A lei de cotas aprovada em 2012, que entrou em vigor em 2013, instituiu que pelo menos 12,5% das vagas das instituições de ensino superior federais, passando a 25% em 2014 e chegando a 50% até 2016, sejam reservadas para alunos cotistas. Das vagas reservadas, 50% devem ser destinadas a alunos vindos do ensino público com renda familiar menor que um salário e meio per capita, e o restante, para alunos do ensino público com renda maior. As cotas também levam em conta, em ambos os casos, o número de negros, pardos e indígenas de cada estado, apurado através do último censo demográfico do IBGE.

“Esperamos que, quando ampliarmos a reserva de vagas para os alunos de escola pública e de baixa renda, possamos retomar os índices socioeconômicos antes registrados na UFMG”, diz Takahashi.

Controvérsia

Também há quem acredite que a aparente elitização da UFMG esconda em si uma virtude a instituição: atrair, entre seus matriculados, os que tem melhores notas no ENEM, por ser uma universidade de excelência. É o que defende o Professor Luciano Mendes de Faria Filho no Boletim UFMG:

“Em primeiro lugar, há de se levar em conta que esse movimento era perfeitamente previsível: em se tratando de um sistema universitário diferenciado e desigual, em qualidade e prestígio, como é o nosso, parecia óbvio, desde o início, que os candidatos com as melhores notas escolheriam, sempre que possível, as mais prestigiadas universidades.
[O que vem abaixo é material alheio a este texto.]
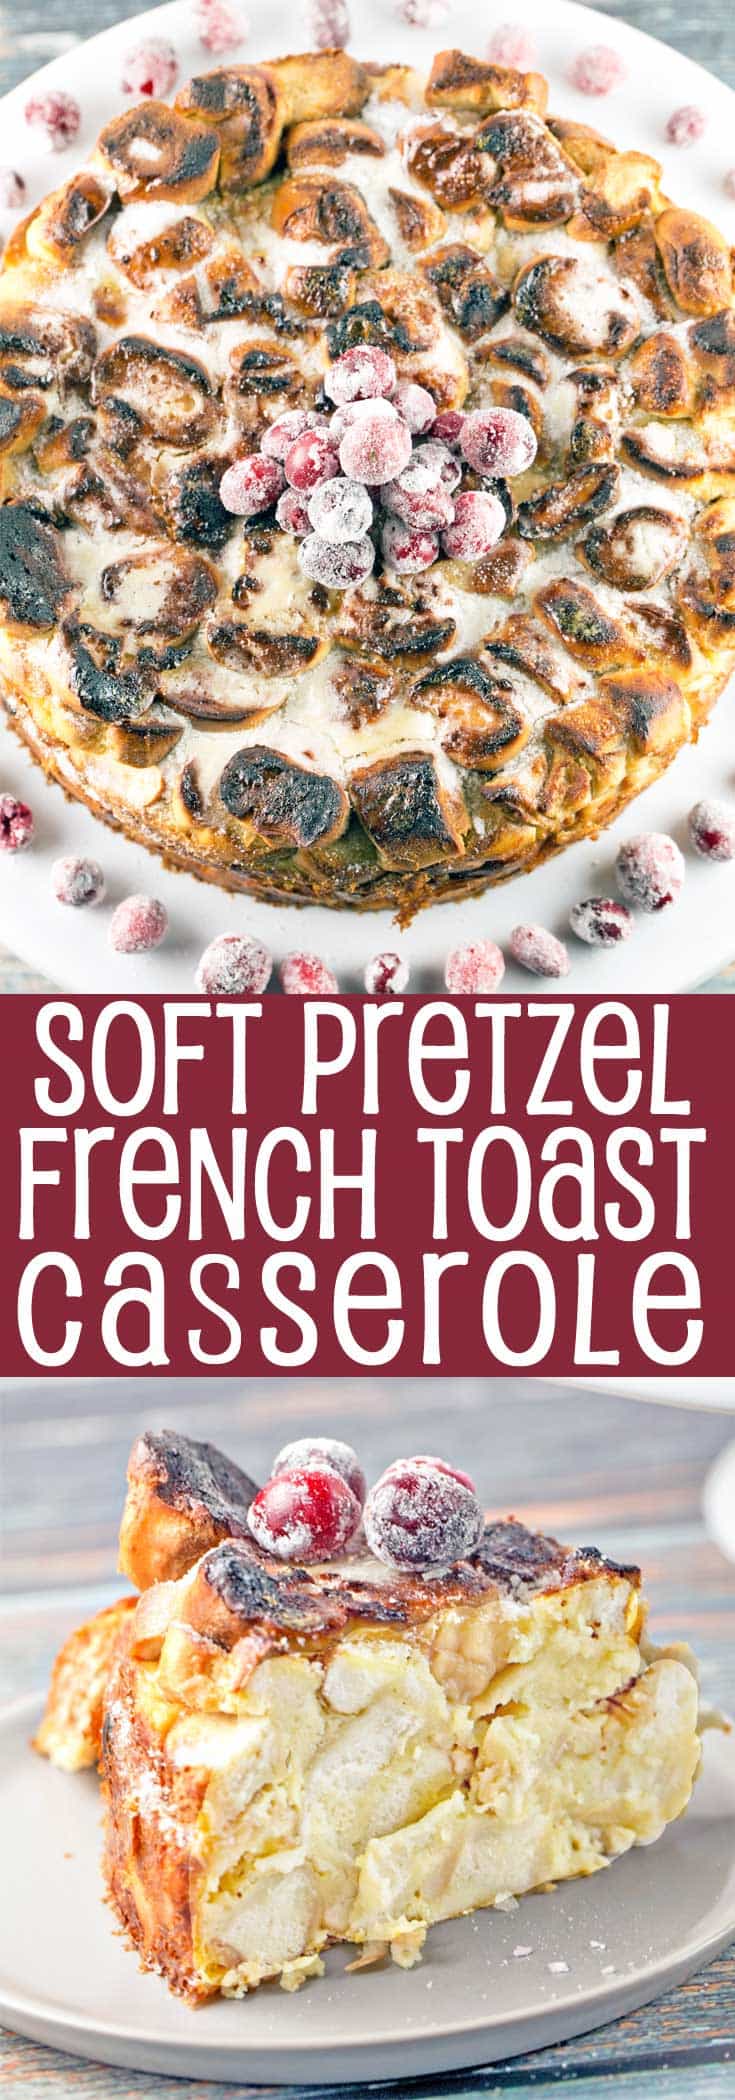 Soft Pretzel French Toast Casserole: sweet and salty, crunchy and soft, with a melted sugar crust. Perfect make-ahead breakfast for company! {Bunsen Burner Bakery}
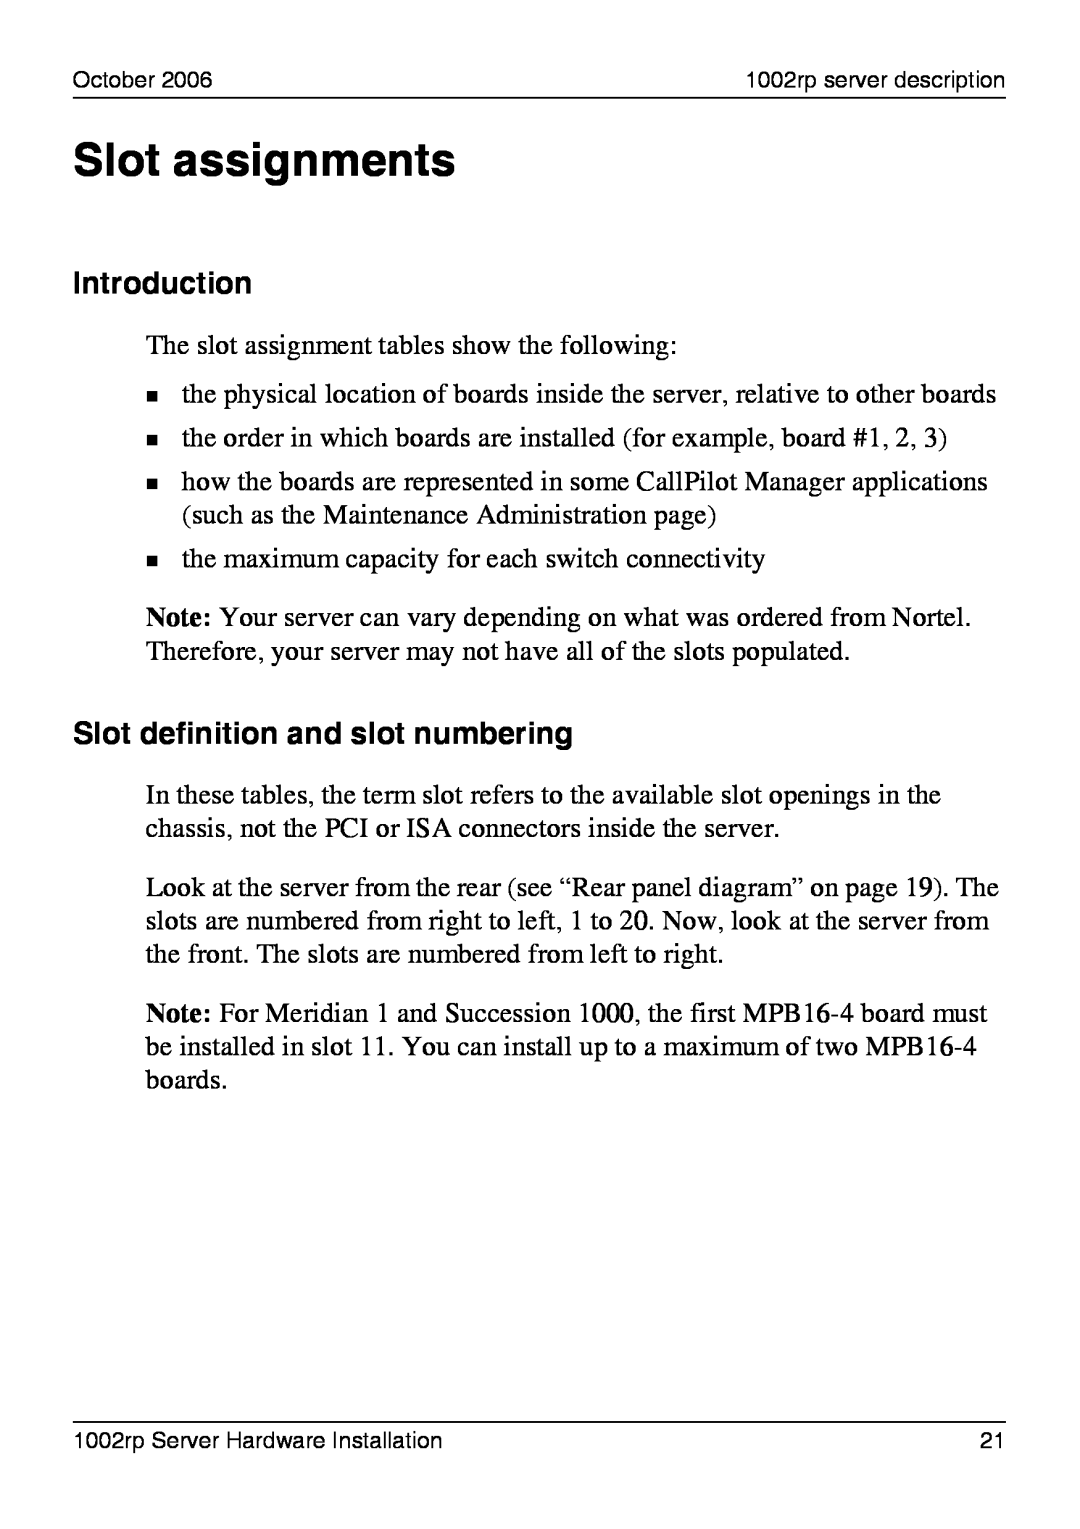 Nortel Networks 1002rp manual Slot assignments, Slot definition and slot numbering, Introduction

Alguém esperaria o contrário? Em segundo lugar, também já havíamos alertado, há tempos, que a adesão da universidade ao Sisu, sem que fossem criadas condições para a recepção de alunos mais pobres, como a construção de moradias e a ampliação do sistema de assistência estudantil, resultaria, na prática, em impedimento para que alunos vindos de outros municípios de Minas e de outros estados, mesmo com boas notas no Enem, escolhessem estudar na UFMG. Para eles, a qualidade e o prestígio não seriam suficientes para assegurar sua decisão de optar pela UFMG, diante das dificuldades de manutenção em Belo Horizonte.”

Ainda segundo Luciano Mendes, as raízes da elitização do ensino superior como um todo, e não apenas na UFMG, estão na diferença da qualidade entre as escolas públicas e particulares do ensino básico, e há que se ter cuidado para que a tentativa de acolher mais alunos de menor renda acabe por afastar a instituição do SISU, ao invés de ajudar a aprimorar o processo de seleção.